Nailing down the best erotic poetry is difficult because preferences and tastes vary so greatly from person to person to person. Esta é uma óptima notícia! Significa que temos uma variedade de poemas eróticos para ler que maximizam e diversificam o nosso conceito de sexualidade.

Como estava a pesquisar poemas para esta lista, descobri que sabia exactamente o que não me agradava num poema erótico. As descrições de veias palpitantes e a curva do seu pescoço branco cremoso, por exemplo, não me comovem. Isto significa que se gostarmos de símbolos fálicos e de contemplações prolongadas do pescoço das senhoras brancas, não vamos ver muito disso aqui. Desculpem.

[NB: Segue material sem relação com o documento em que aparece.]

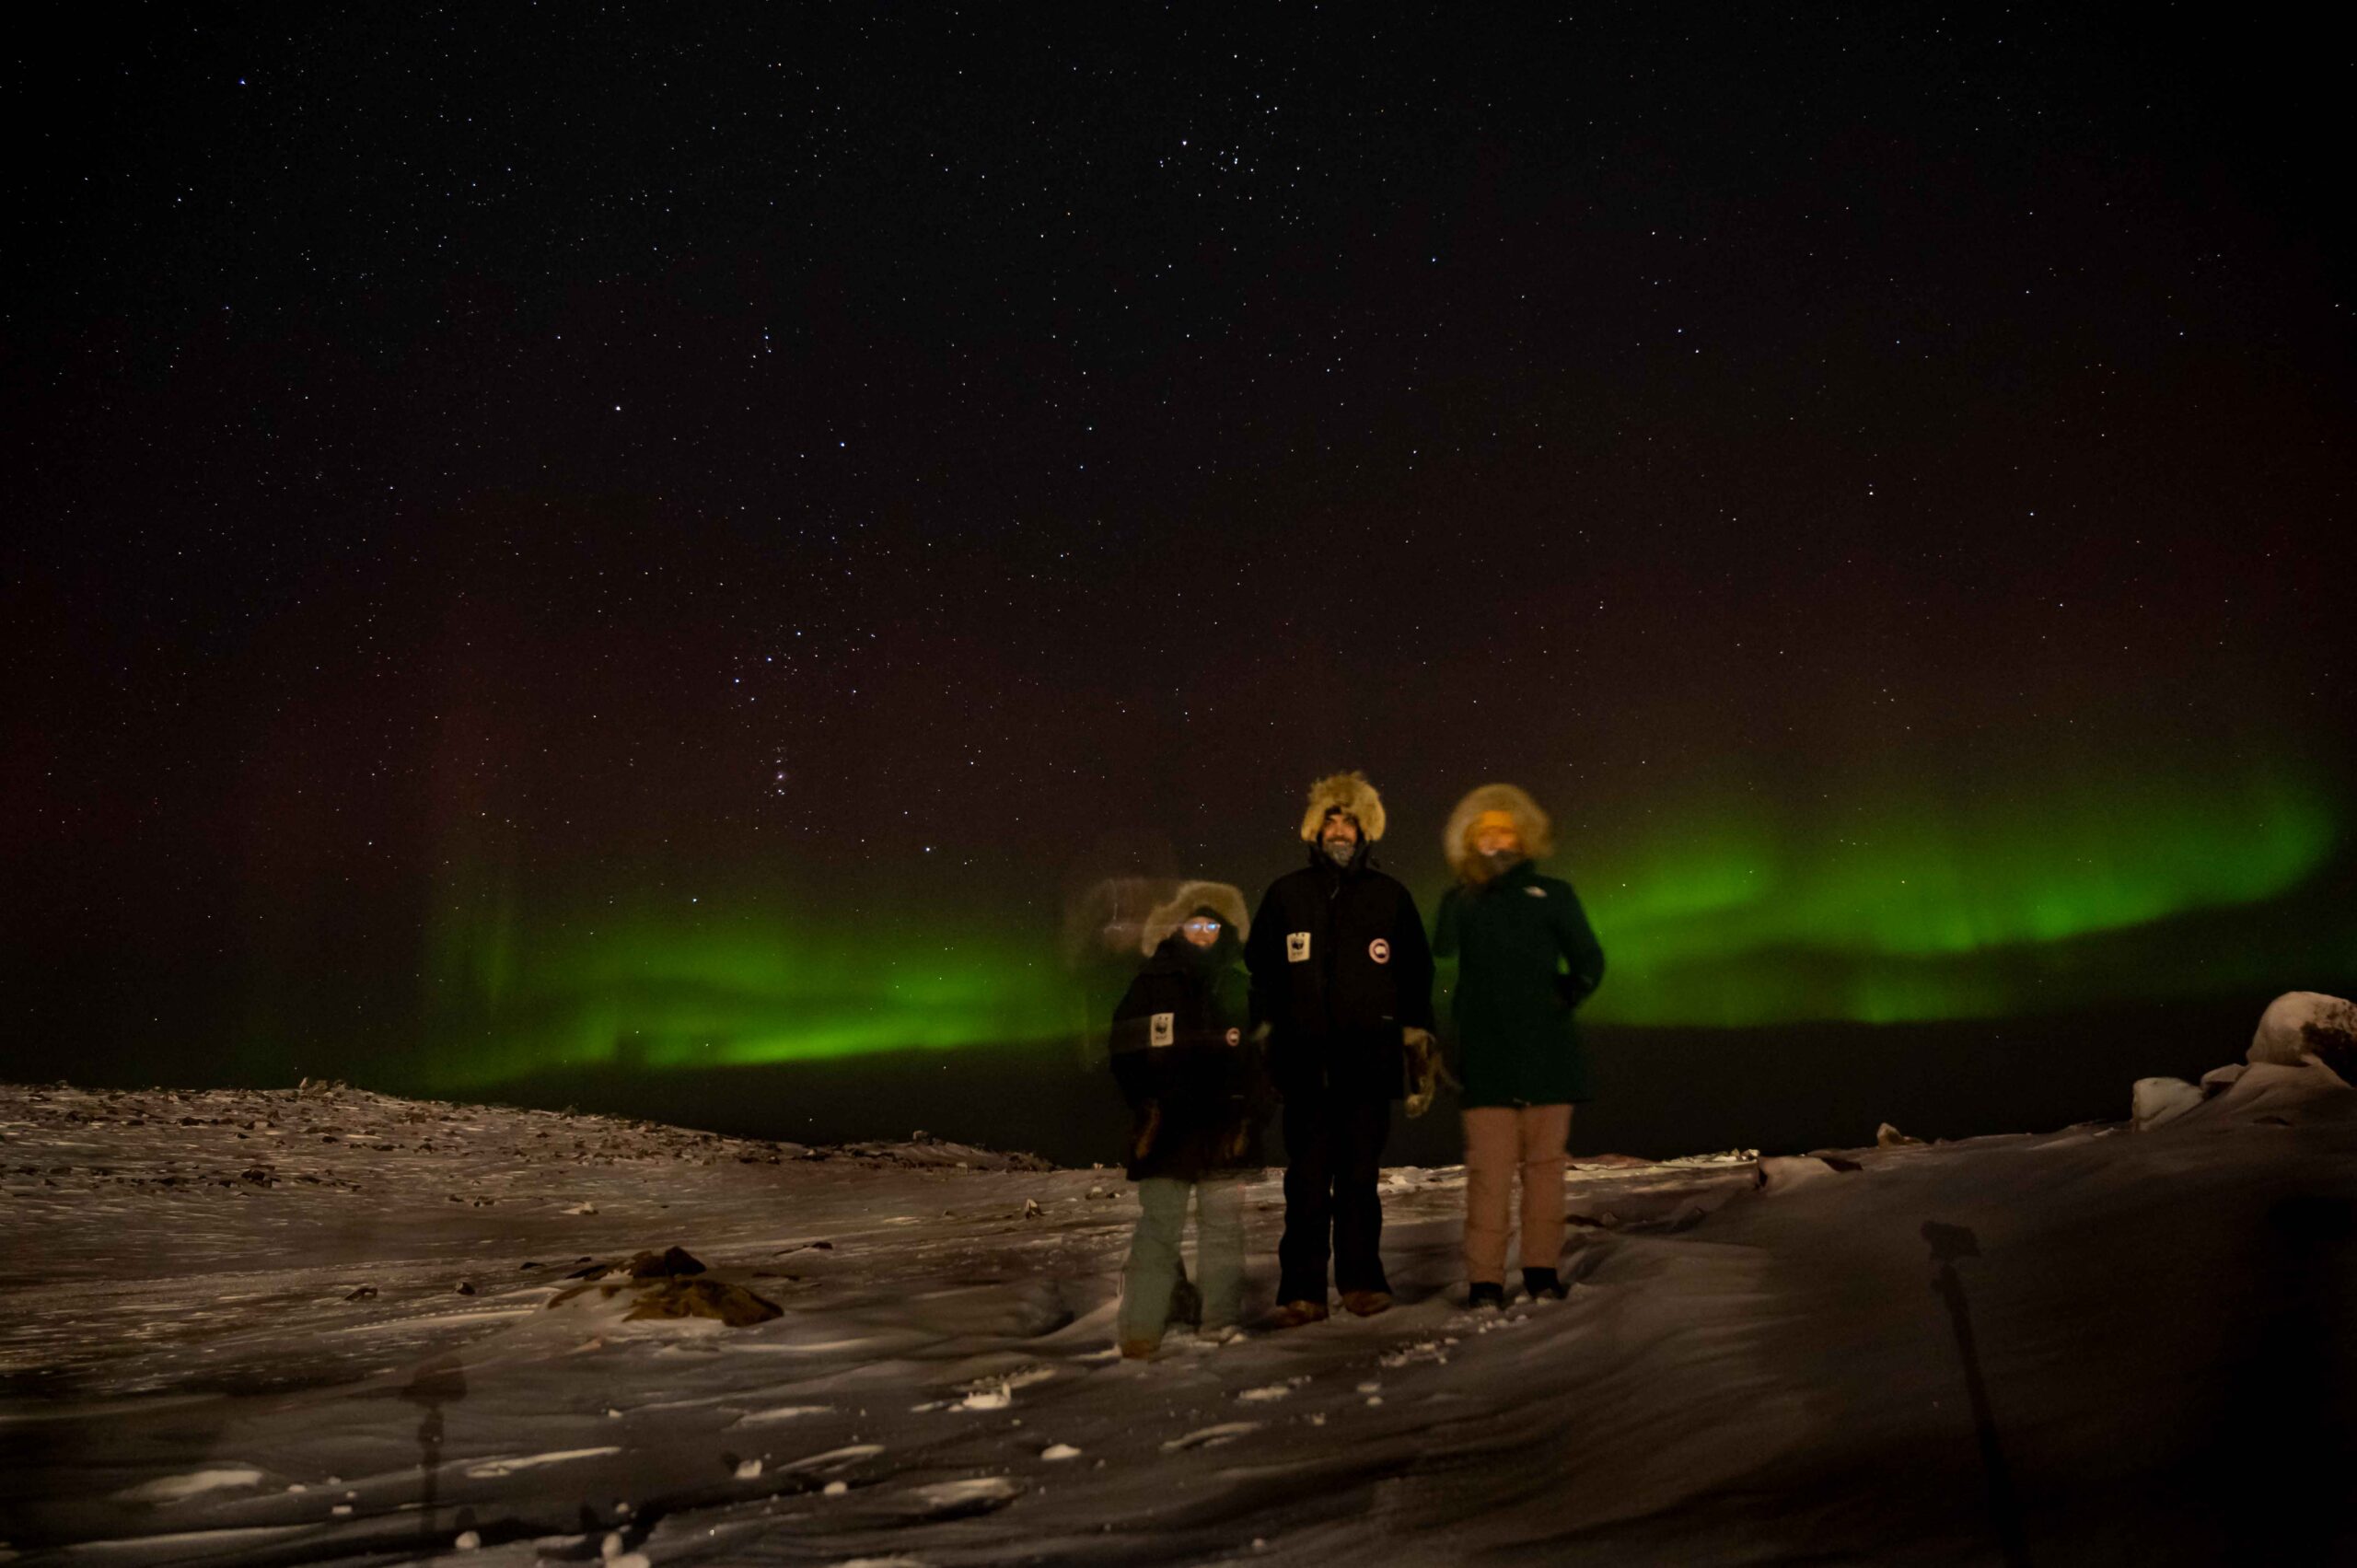 Three people in Arctic gear on the snow in front of a green Aurora Borealis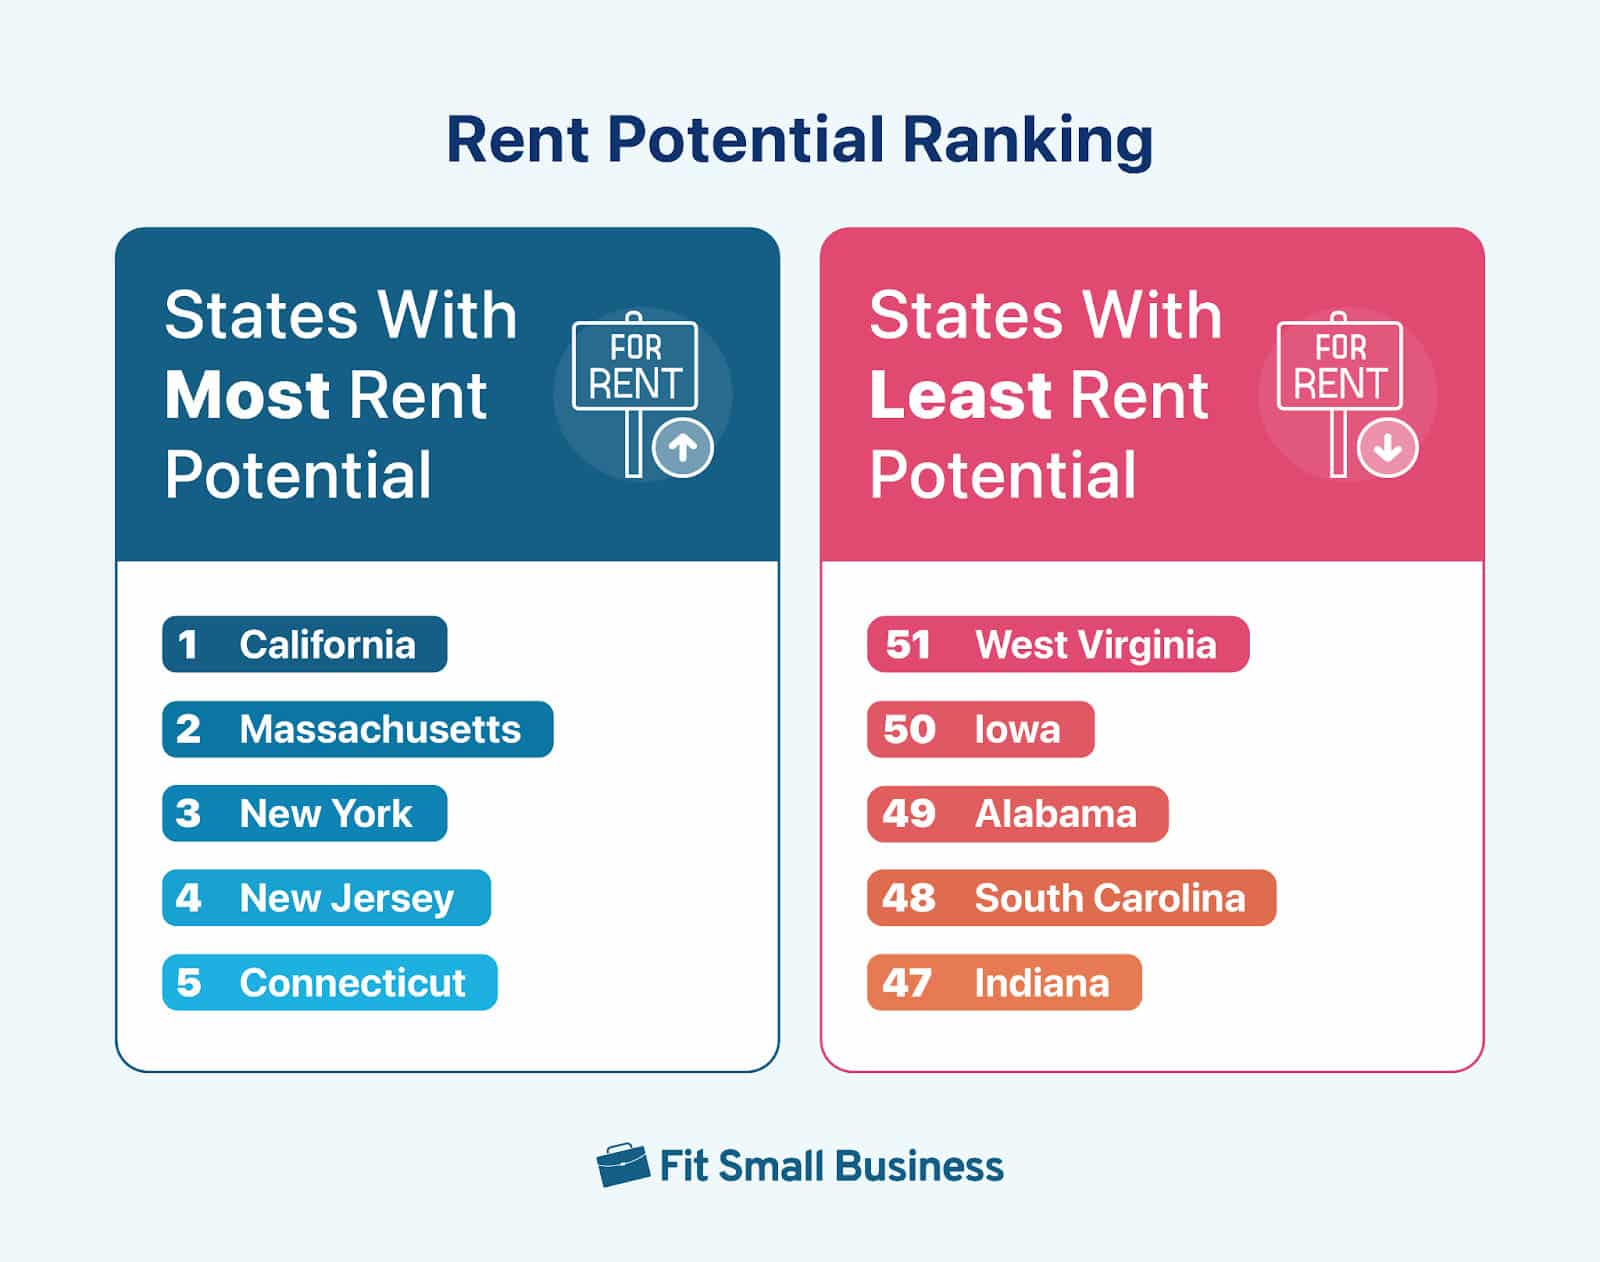 Best and worst five states ranking for rent potential.

Caí nestes 13 poemas eróticos que eu acho genuinamente sexy por uma razão ou outra. Para alguns, é a urgência na voz do orador. É adorável sentir-se visto e necessário. Poemas com detalhes sensoriais tão ricos que me sinto encarnado no próprio poema também constituem um forte argumento a favor do erotismo. Há pelo menos um poema aqui que me fez apertar a mão ao coração com a boca aberta, pensando com alegria, “podem dizer isso?”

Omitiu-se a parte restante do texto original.